> **WHAT IS NEEDED**: Starting from the line containing "Classic Men's BRIONI", give again every line through the end of the entries, word for word. Pictures stay out of the copy.

☆ ☆ ☆ ☆ ☆ ☆ ☆

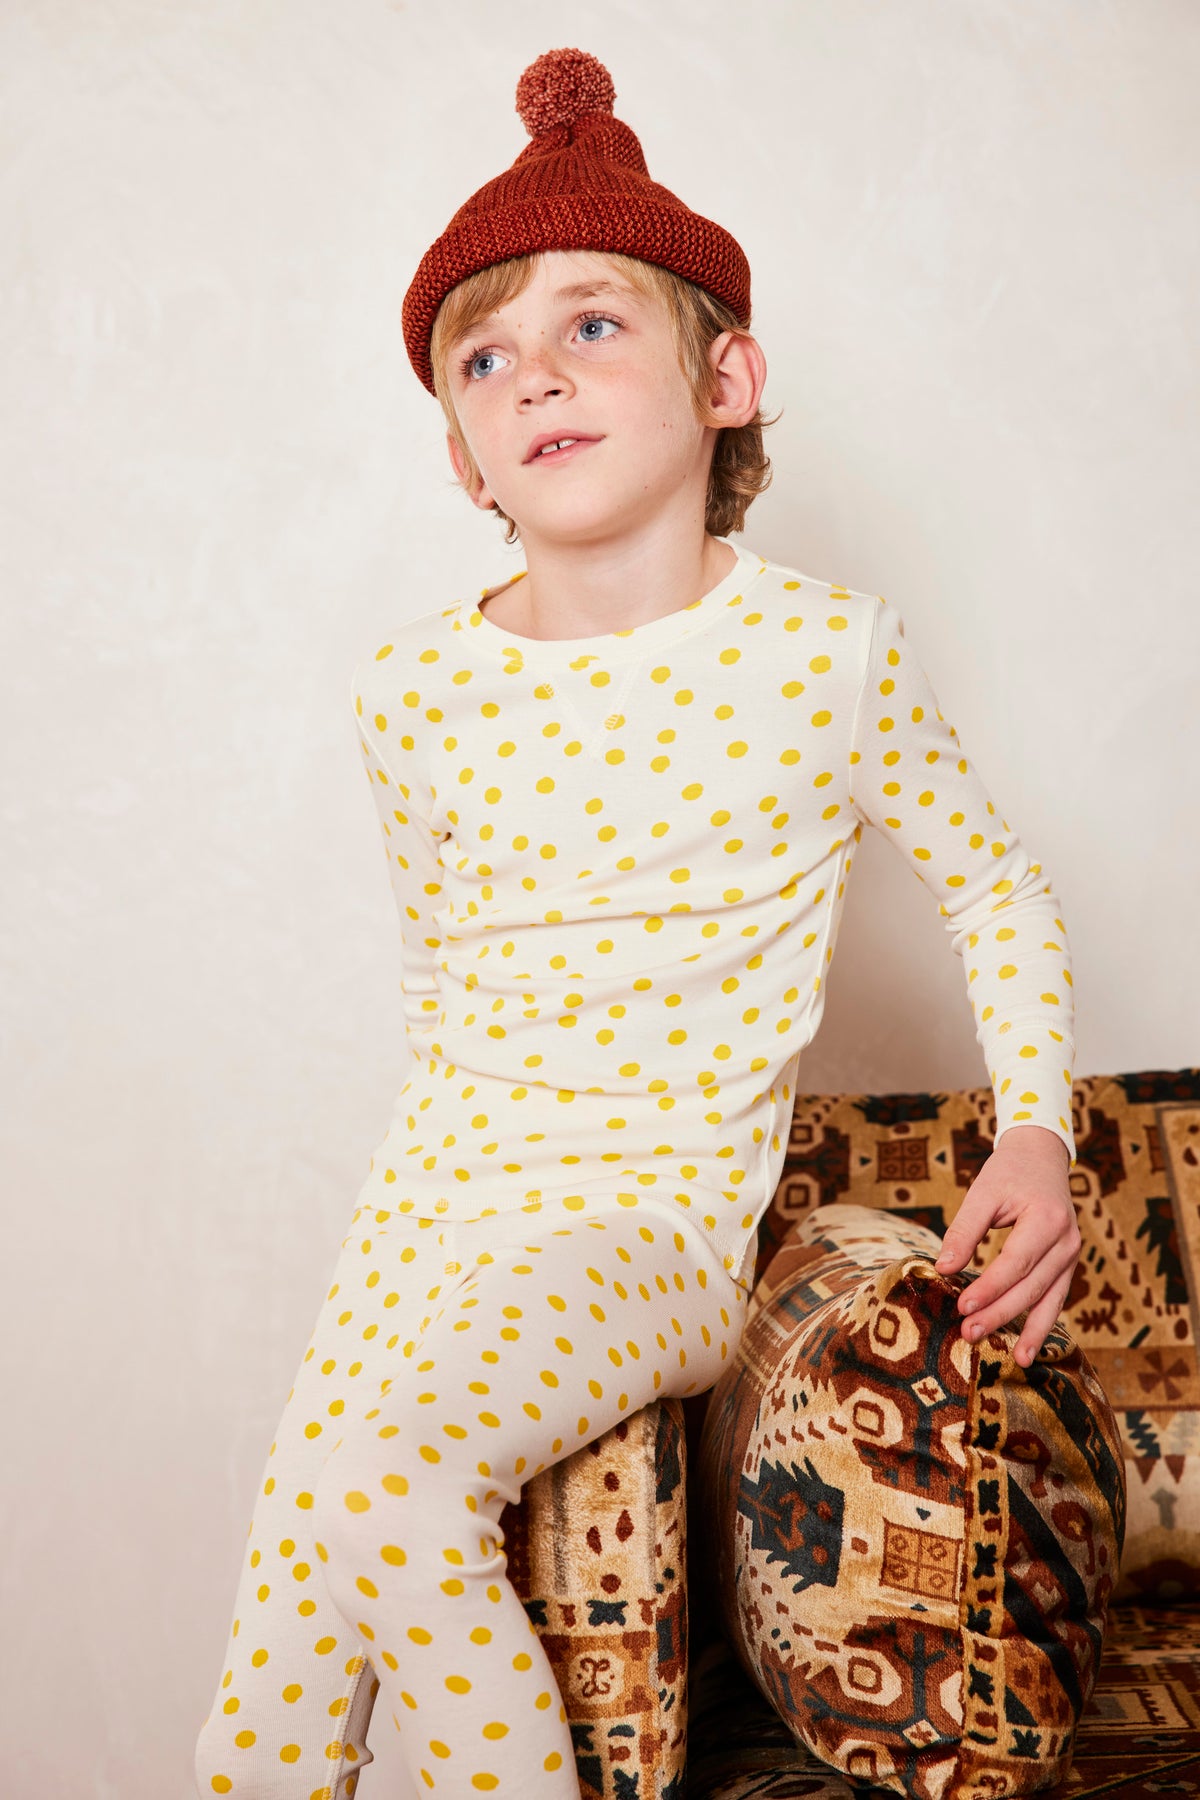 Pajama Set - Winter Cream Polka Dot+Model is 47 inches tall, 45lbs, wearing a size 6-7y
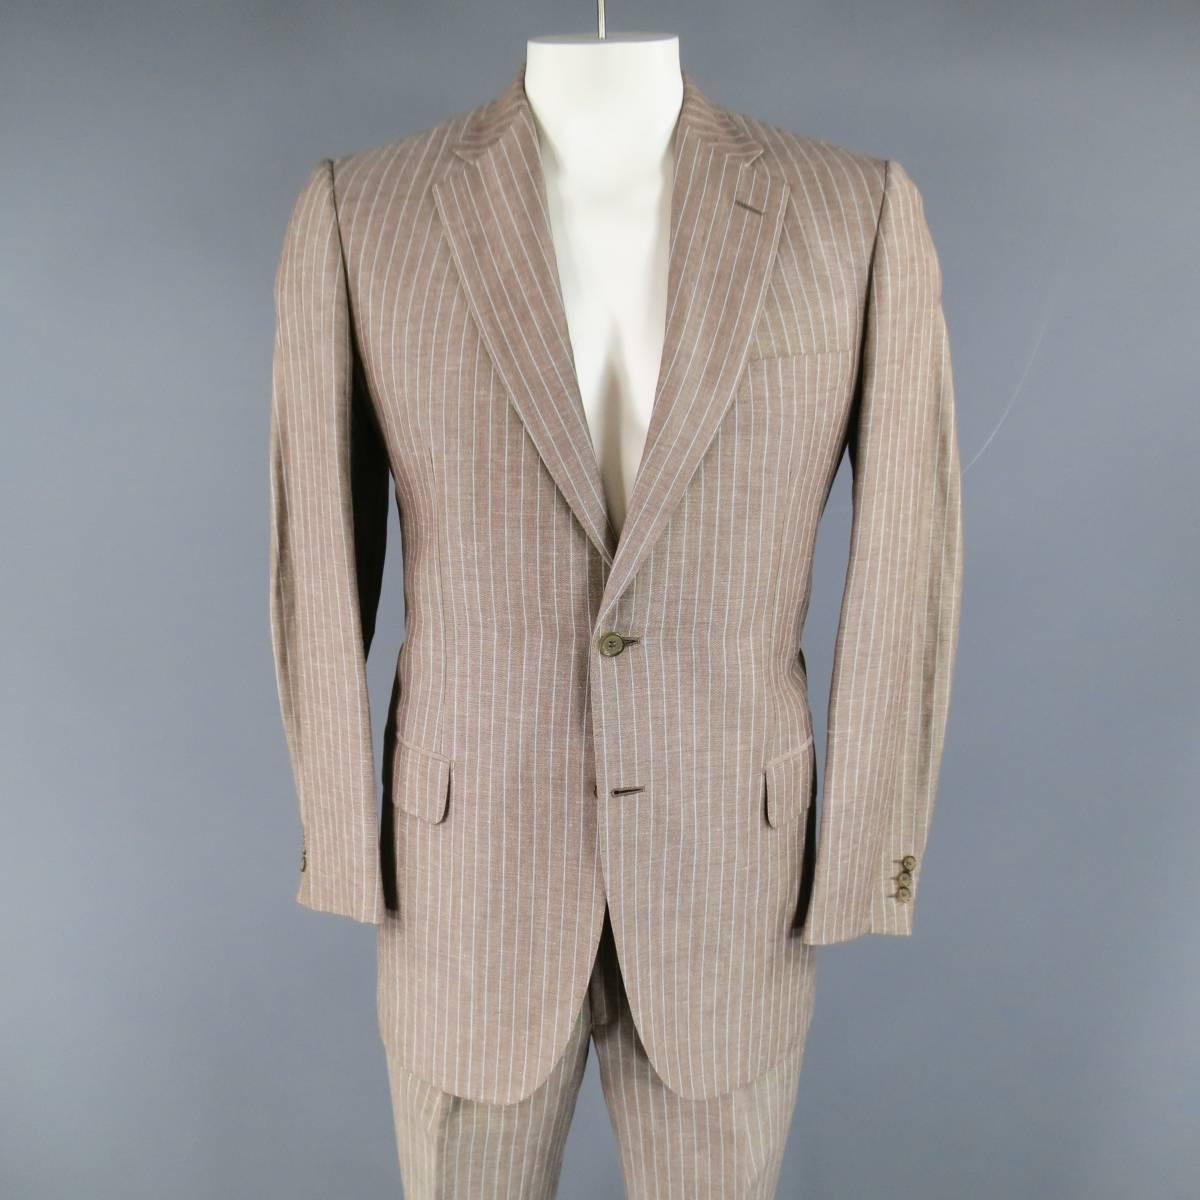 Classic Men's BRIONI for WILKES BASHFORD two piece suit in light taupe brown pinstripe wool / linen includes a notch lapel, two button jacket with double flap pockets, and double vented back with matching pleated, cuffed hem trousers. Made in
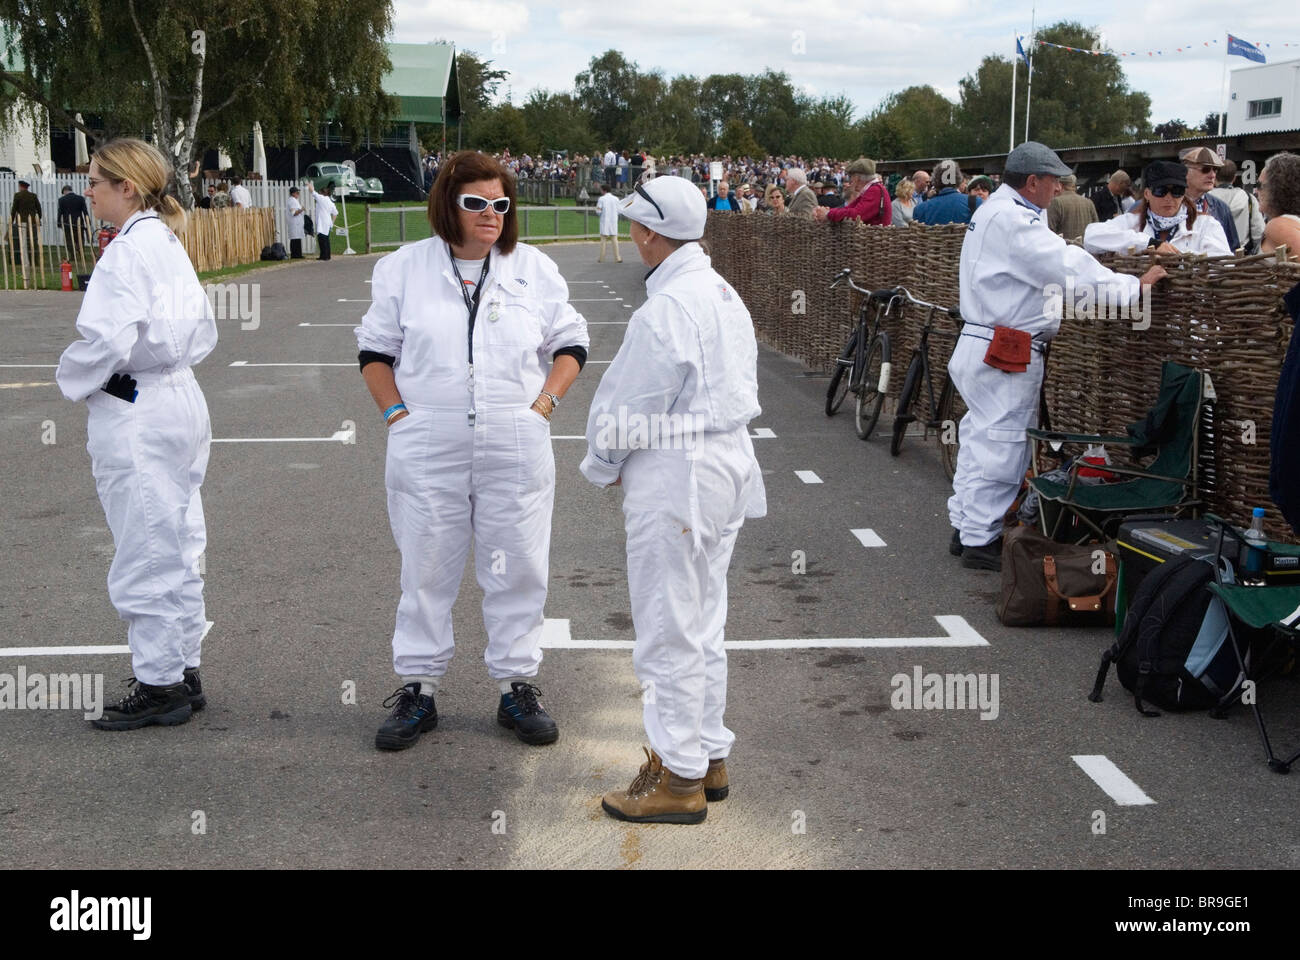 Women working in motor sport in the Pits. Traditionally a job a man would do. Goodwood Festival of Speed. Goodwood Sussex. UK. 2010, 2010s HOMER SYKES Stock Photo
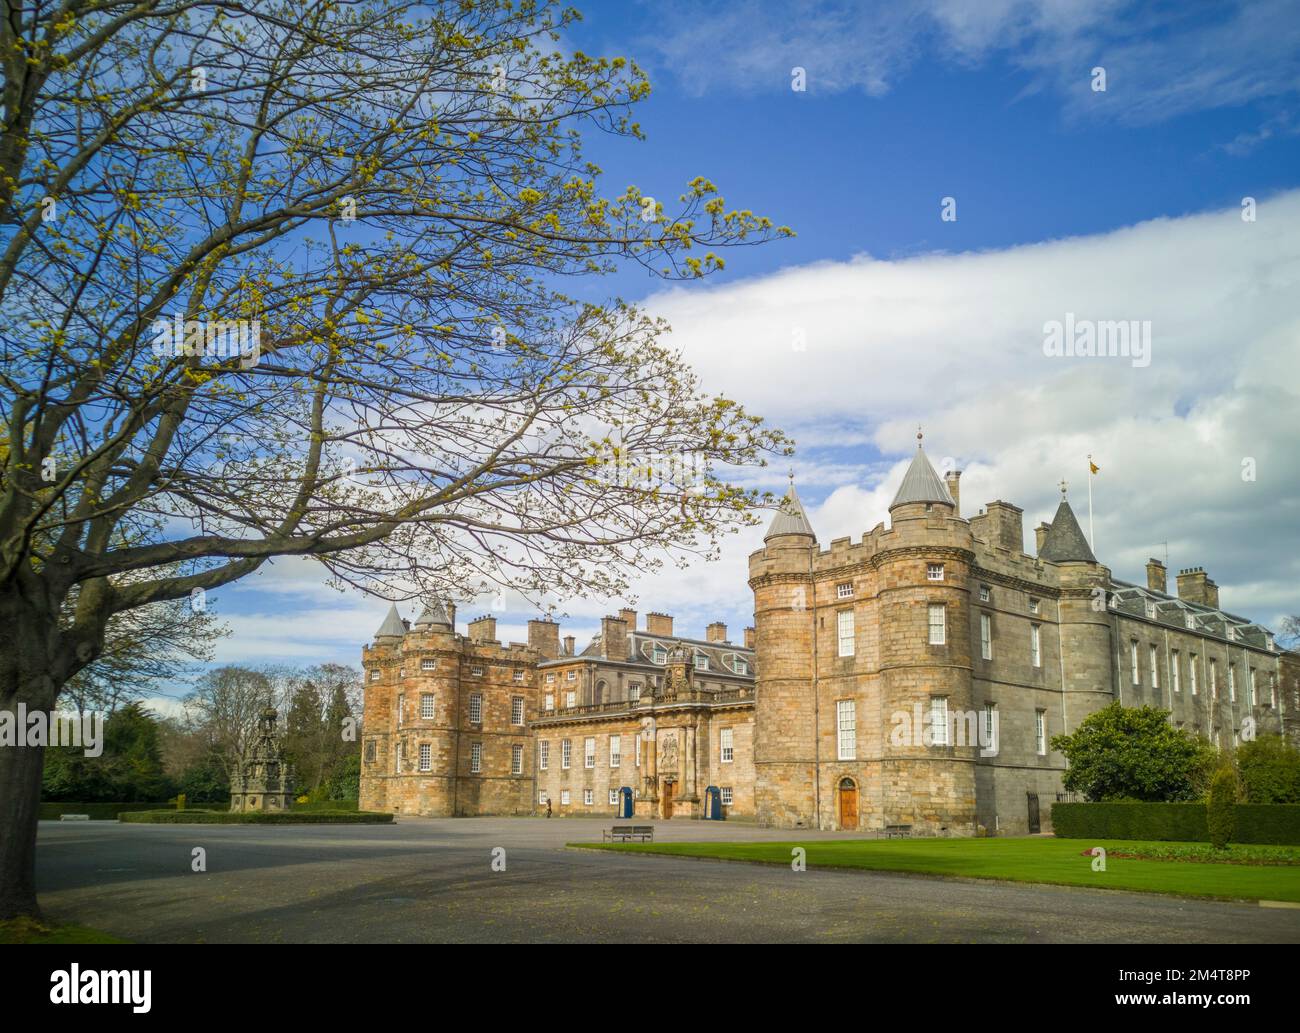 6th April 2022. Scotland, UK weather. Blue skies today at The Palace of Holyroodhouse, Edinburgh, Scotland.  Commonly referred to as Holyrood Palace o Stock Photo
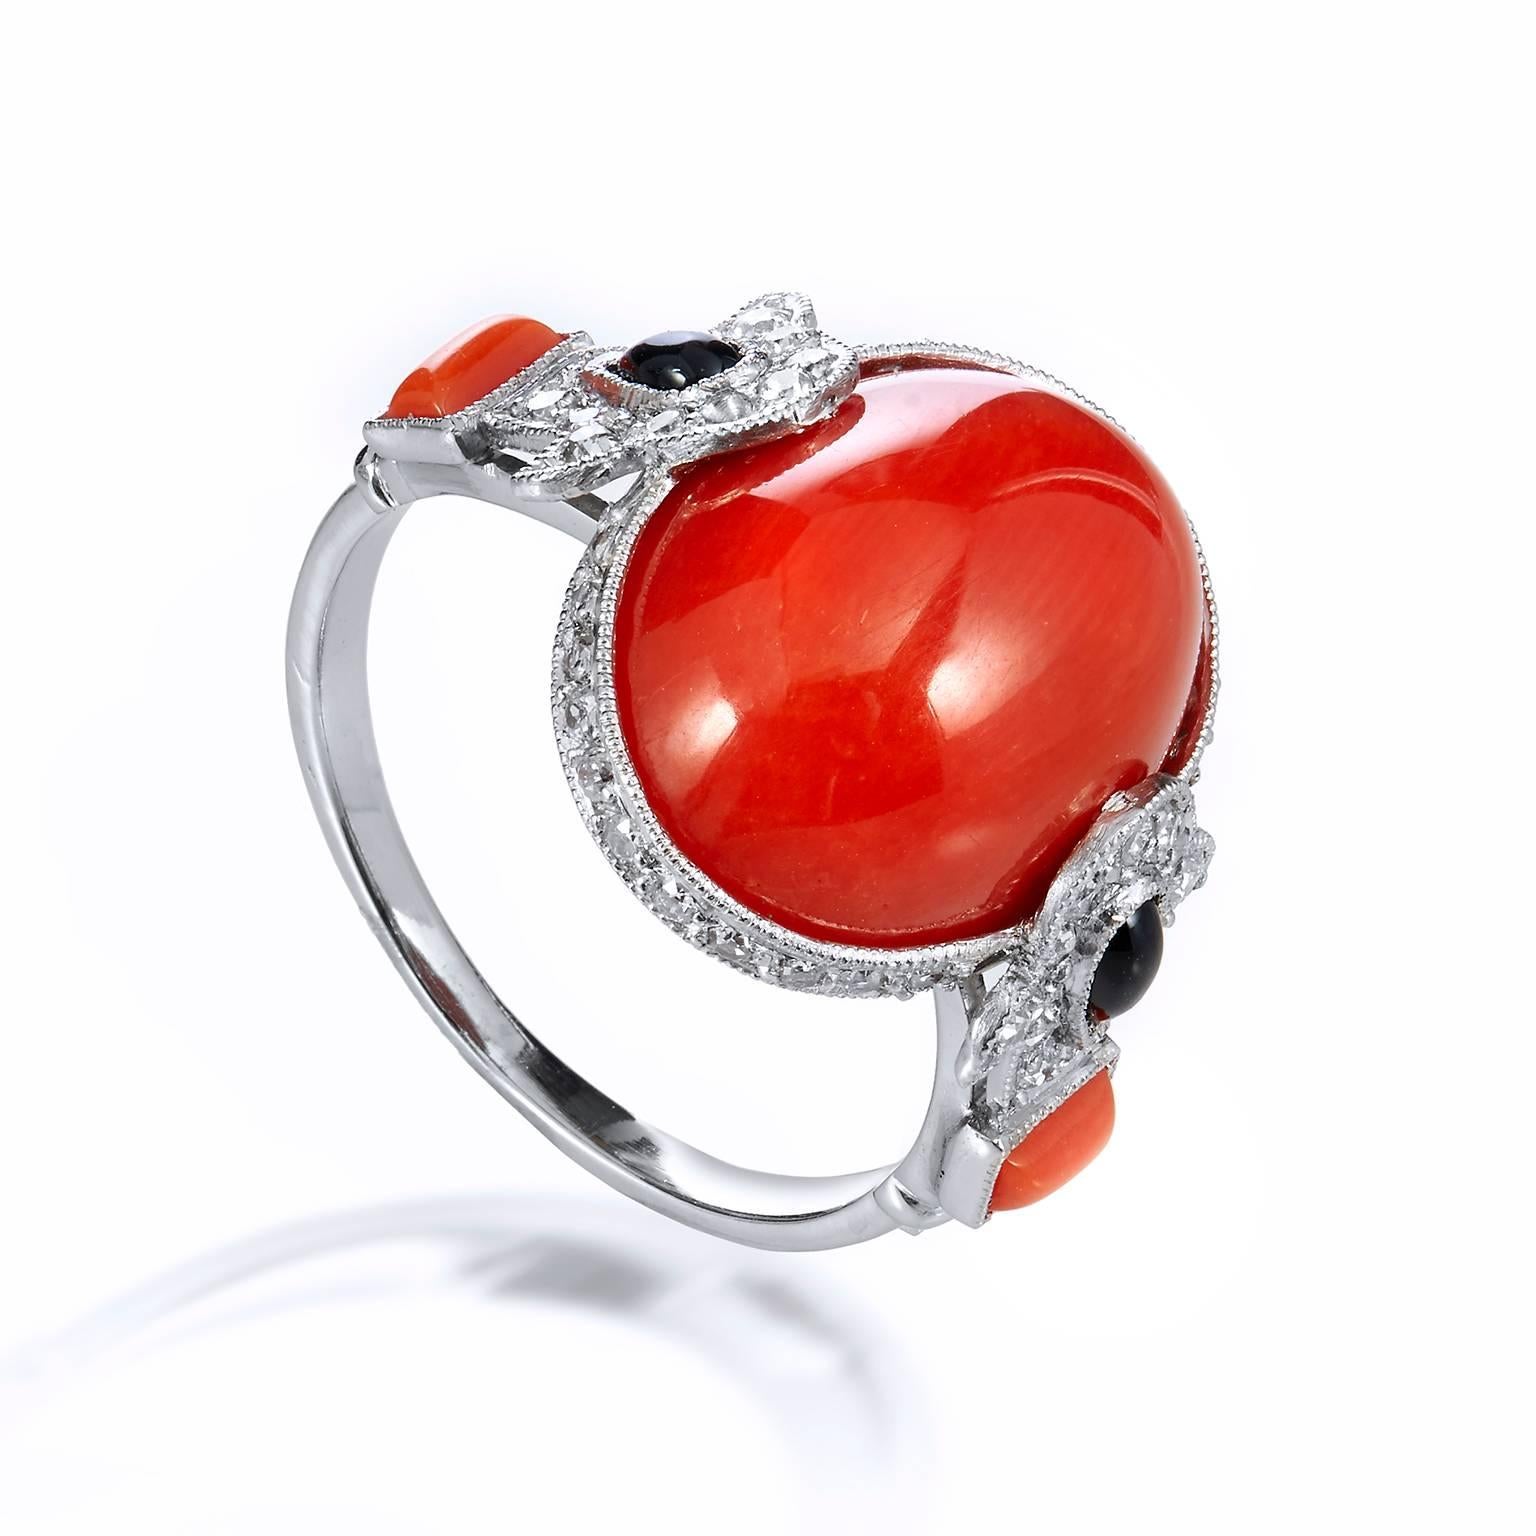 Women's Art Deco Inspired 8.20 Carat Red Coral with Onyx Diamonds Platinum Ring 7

☆ ☆ ☆ ☆ ☆ ☆ ☆

> **EXERCISE SOLUTION**:
 Classic Men's BRIONI for WILKES BASHFORD two piece suit in light taupe brown pinstripe wool / linen includes a notch lapel, two button jacket with double flap pockets, and double vented back with matching pleated, cuffed hem trousers. Made in
 Women working in motor sport in the Pits. Traditionally a job a man would do. Goodwood Festival of Speed. Goodwood Sussex. UK. 2010, 2010s HOMER SYKES Stock Photo
 6th April 2022. Scotland, UK weather. Blue skies today at The Palace of Holyroodhouse, Edinburgh, Scotland.  Commonly referred to as Holyrood Palace o Stock Photo
 Women's Art Deco Inspired 8.20 Carat Red Coral with Onyx Diamonds Platinum Ring 7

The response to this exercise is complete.